1. arteries carry blood AWAY from the heart

   • layers of muscle in the walls make them strong

   • elastic fibres allow them to stretch

   • this helps the vessels withstand the high pressure created by the pumping of the heart

2. veins carry blood TOWARDS the heart

   • the lumen (the actual tube in which blood flows through) is wide to allow the low pressure blood to flow through

   • they have valves to ensure the blood to flow through

3. capillaries allow the blood to flow very close to cells to enable substances to move between them

   • one cell thick walls create a short diffusion pathway

   • permeable walls so substances can move across them

what system is the heart in

the heart is an organ in the circulatory system. the circulatory system carries oxygen and nutrients to every cell in the body and removes the waste products.

what does the heart do

the heart pumps blood around the body in a double circulatory system. this means there are two circuits

1. deoxygenated blood flows into the right atrium and then into the right ventricle which pumps it to the lungs to undergo gaseous exchange

2. oxygenated blood flows into the left atrium and then into the left ventricle which pumps oxygenated blood around the body

structure of the heart

• muscular walls to provide a strong heartbreak

• the muscular wall of the left ventricle is thicker because blood needs to be pumped all around the body rather than just to the lung from the deoxidated blood

• 4 chambers that seperate the oxygen blood from the deoxygenated blood

• valves to make sure blood does not flow backwards

• coronary arteries cover the heart to provide its own oxygenated blood supply

process of the heart

1. blood flows into the right atrium through the vena cava, and left atrium through the pulmonary vein

2. the atria contract forcing the blood into the ventricles

3. the ventricles then contract, pushing the blood in the right ventricle into the pulmonary artery to be taken to the lungs, and blood in the left ventricle to the aorta to be taken around the body

4. as this happens, valves close to make sure the blood does not flow backwards

what is the natural resting heart rate

the natural resting heart rate (around 7p beats per minute) is controlled by a group of cells found in the right atrium that acts as a pacemaker - they provide stimulation through small electrical impulses which pass as a wave across the heart muscle, causing it to contract. without this, the heart would not pump fast enough to deliver the required amount of oxygen to the whole body

what to do if someone has an irregular heartbeat

an artificial pacemaker can be used if the individual has an irregular heartbeat. it is an electrical device that produces a signal causing the heart to beat at a normal speed

respiration

respiration occurs in every cell in the body, and it is the process of transferring energy from glucose so living processes can occur. all living things undergo respiration

• it is exothermic as energy is transferred to the enviroment

• it can take place aerobically (with oxygen) or anaerobically (without oxygen)

aerobic respiration

this uses oxygen. it yields the most energy. most of the reactions that make up aerobic respiration occur in the mitochondria

C₆H₁₂O₆ + O₂ → CO₂ + H₂O

C₆H₁₂O₆ = glucose

O₂ = oxygen

CO₂ = carbon dioxide

H₂O = water

anaerobic respiration

occurs when there is not enough oxygen. it does not yield as much energy as aerobic respiration. it is only used as a last resort, for example during a sprint where it is difficult to breathe in enough oxygen. the oxidation of glucose is complete

in animals:

glucose (C₆H₁₂O₆) → lactic acid

in plant and yeast cells it is called fermentation:

glucose (C₆H₁₂O₆) → ethanol + carbon dioxide (CO₂)
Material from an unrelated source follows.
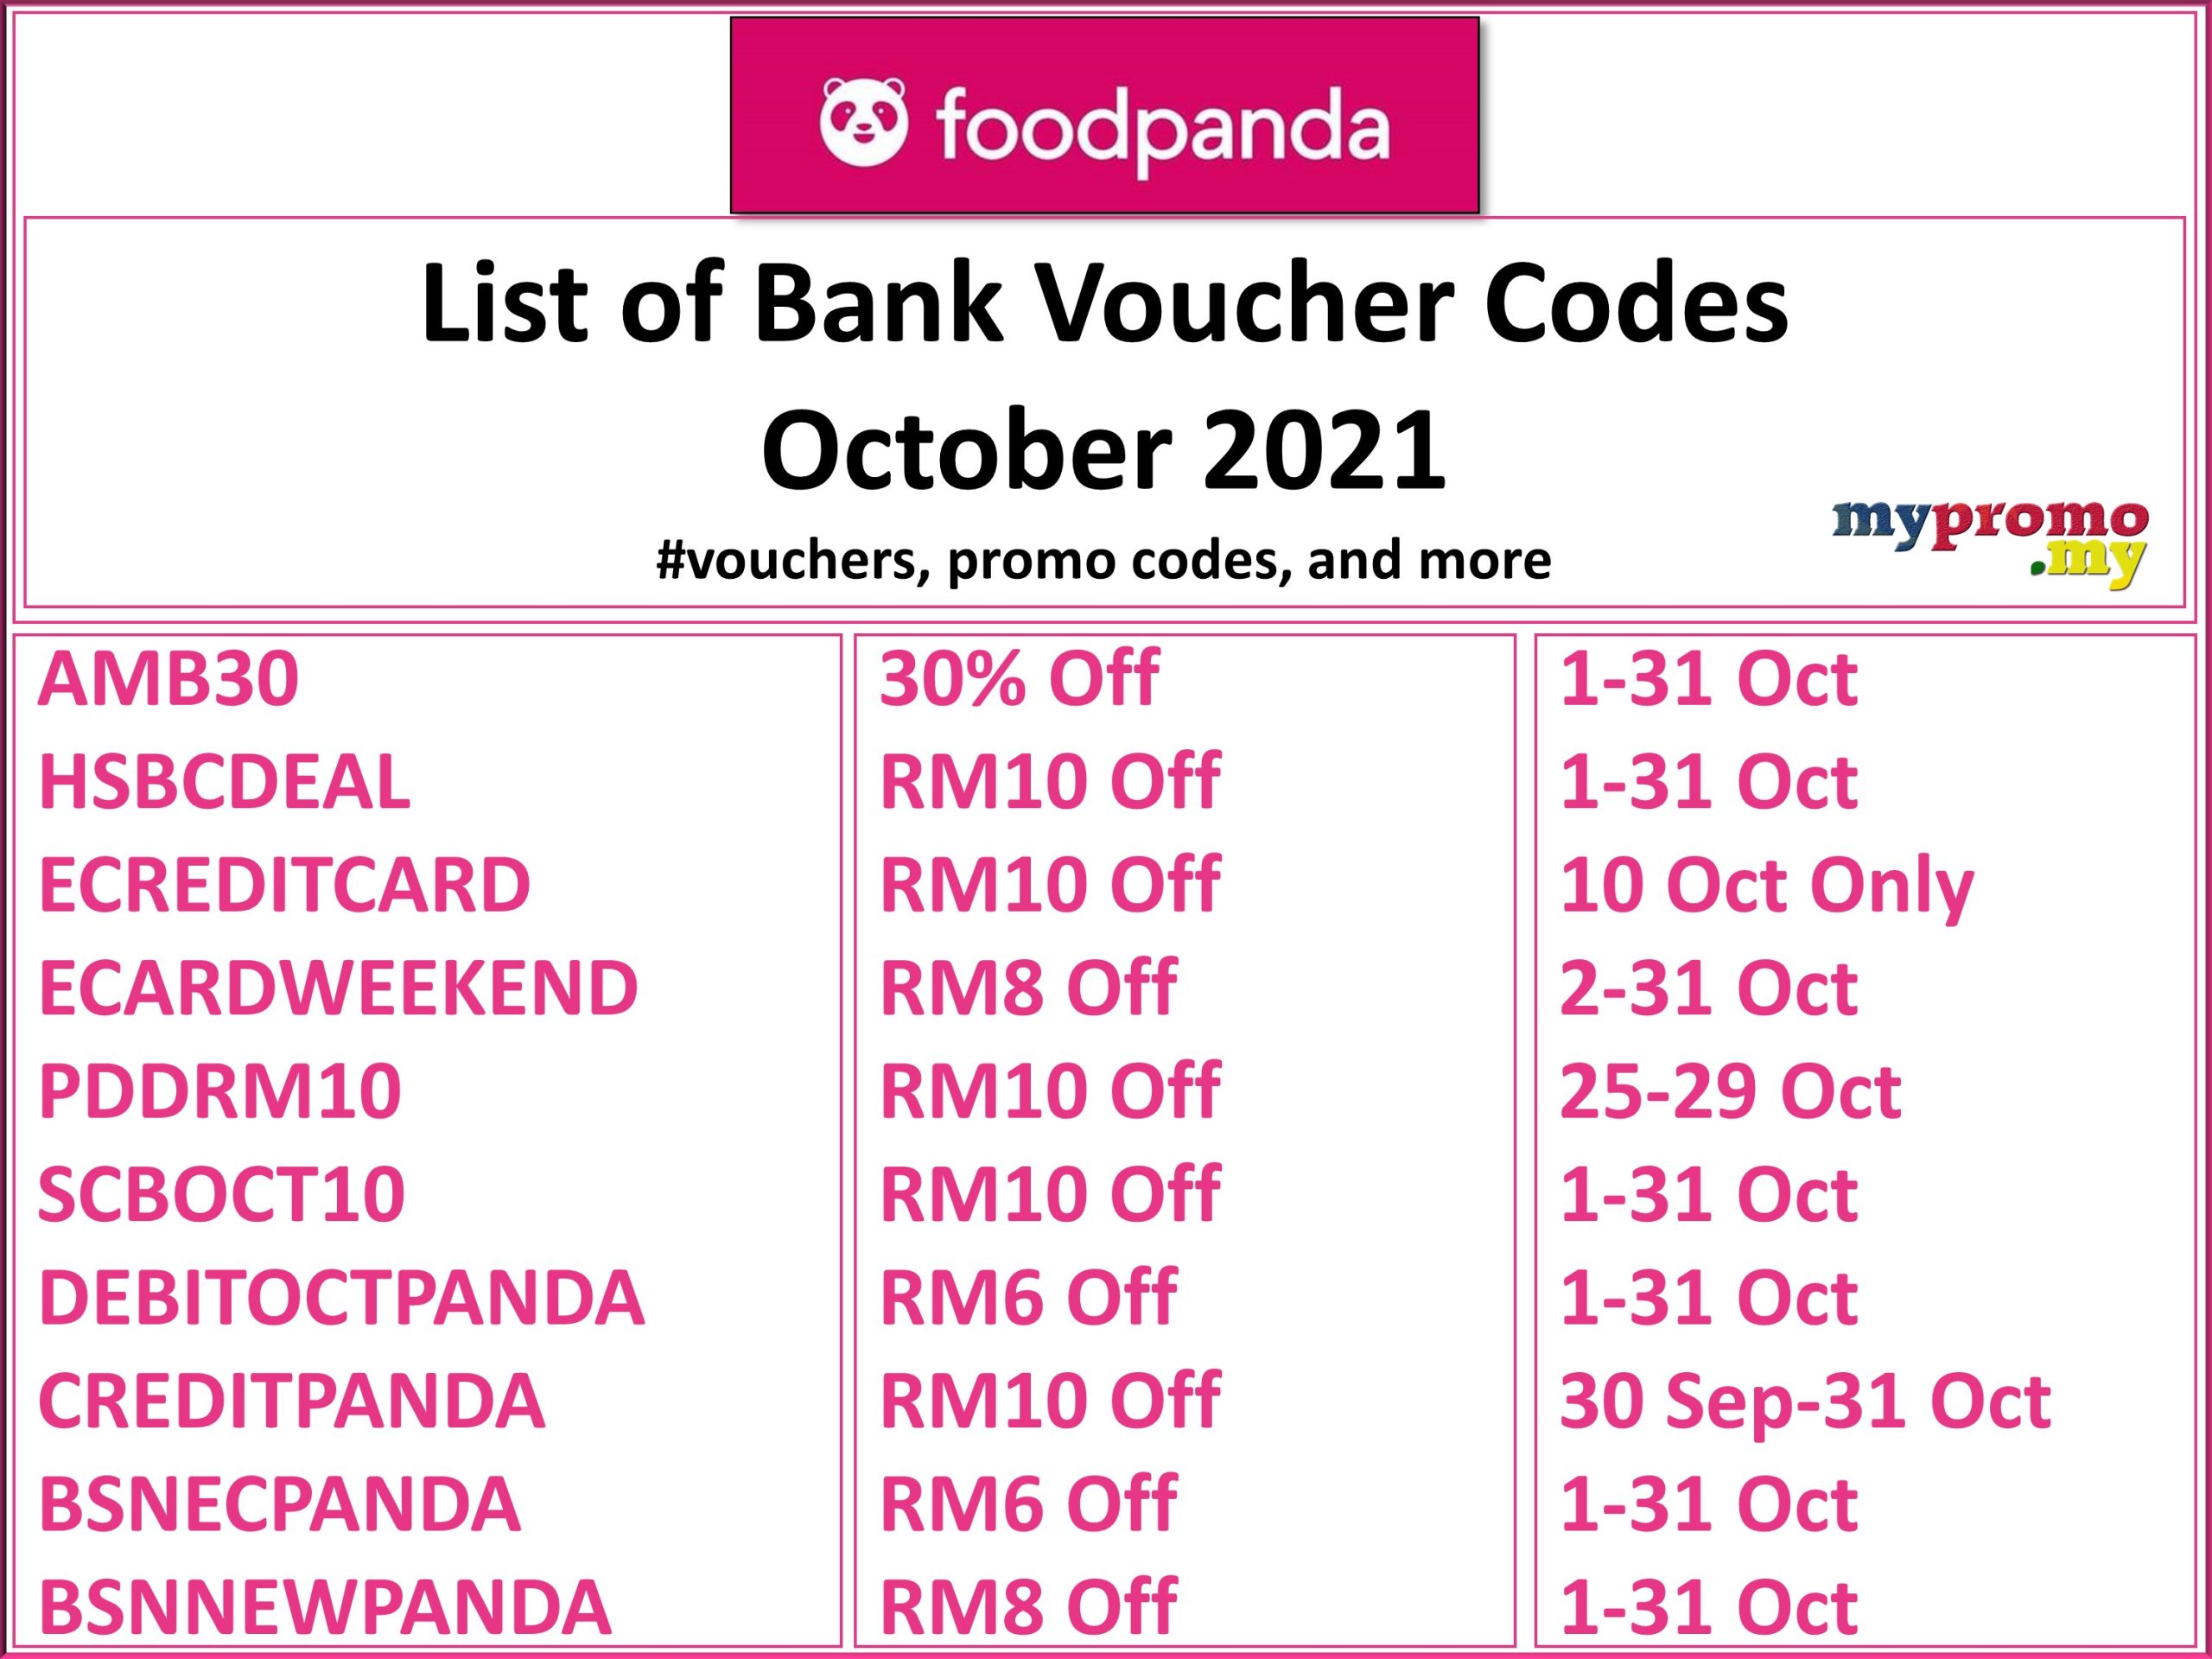 Food panda voucher october 2021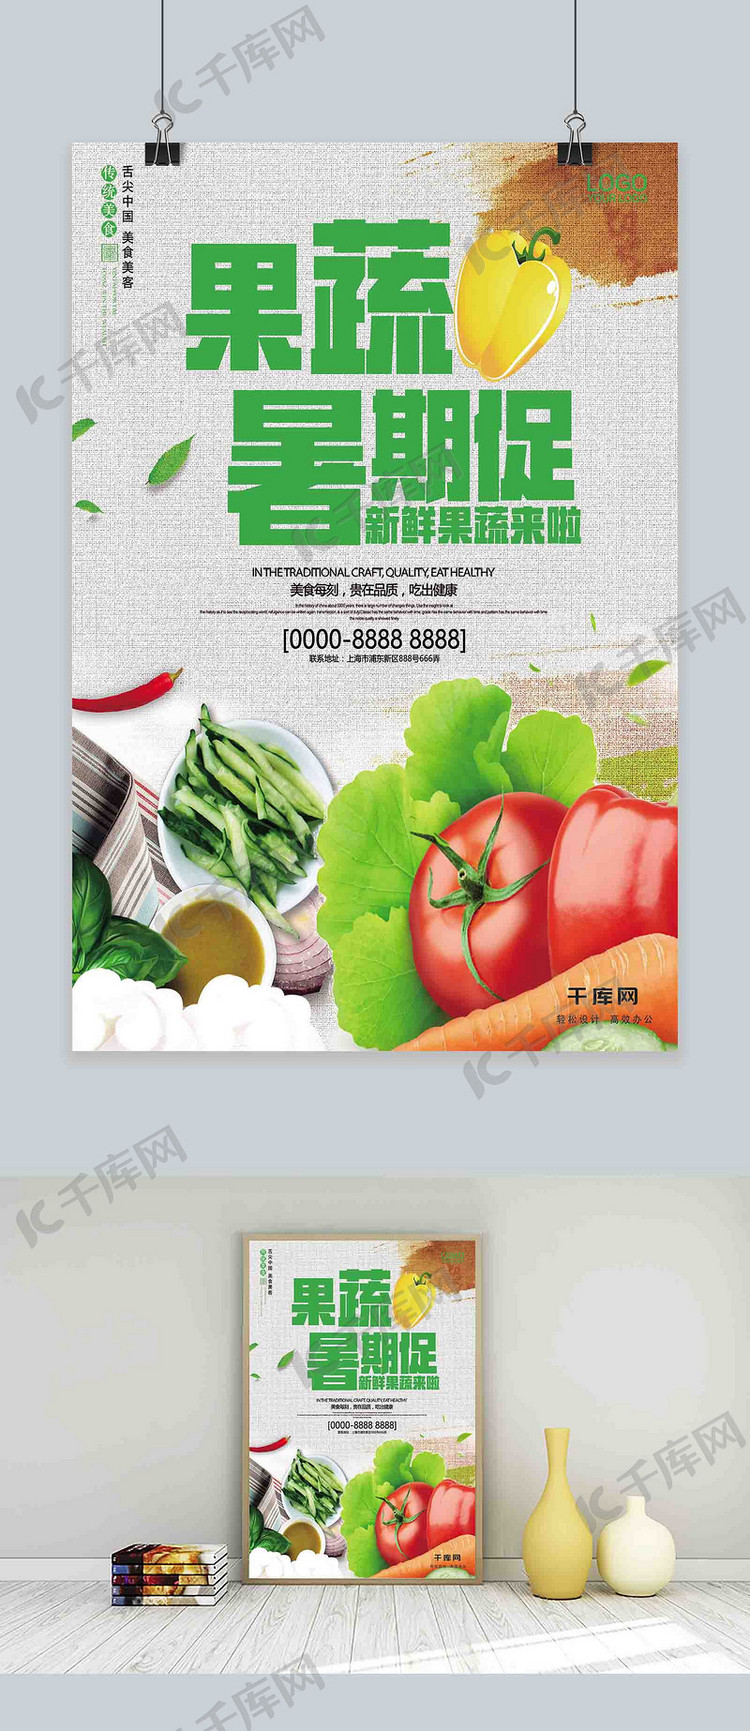 简约新鲜果蔬夏季特价促销海报

this reaction is used to make bread and alcoholic drinks

Core Practical: investigate the Rate of Respiration in living organisms

in this practical, builds a simple respirometer - a machine to measure the effect of temperature on the oxygen consumption of small organisms

method

1. pick a small organism that you would like to measure the rate of respiration (eg. maggots, or leaves)

2. place 5cm³ of soda lime into a test tube

3. place gauze on top and a small amount of the organism being tested on top of this.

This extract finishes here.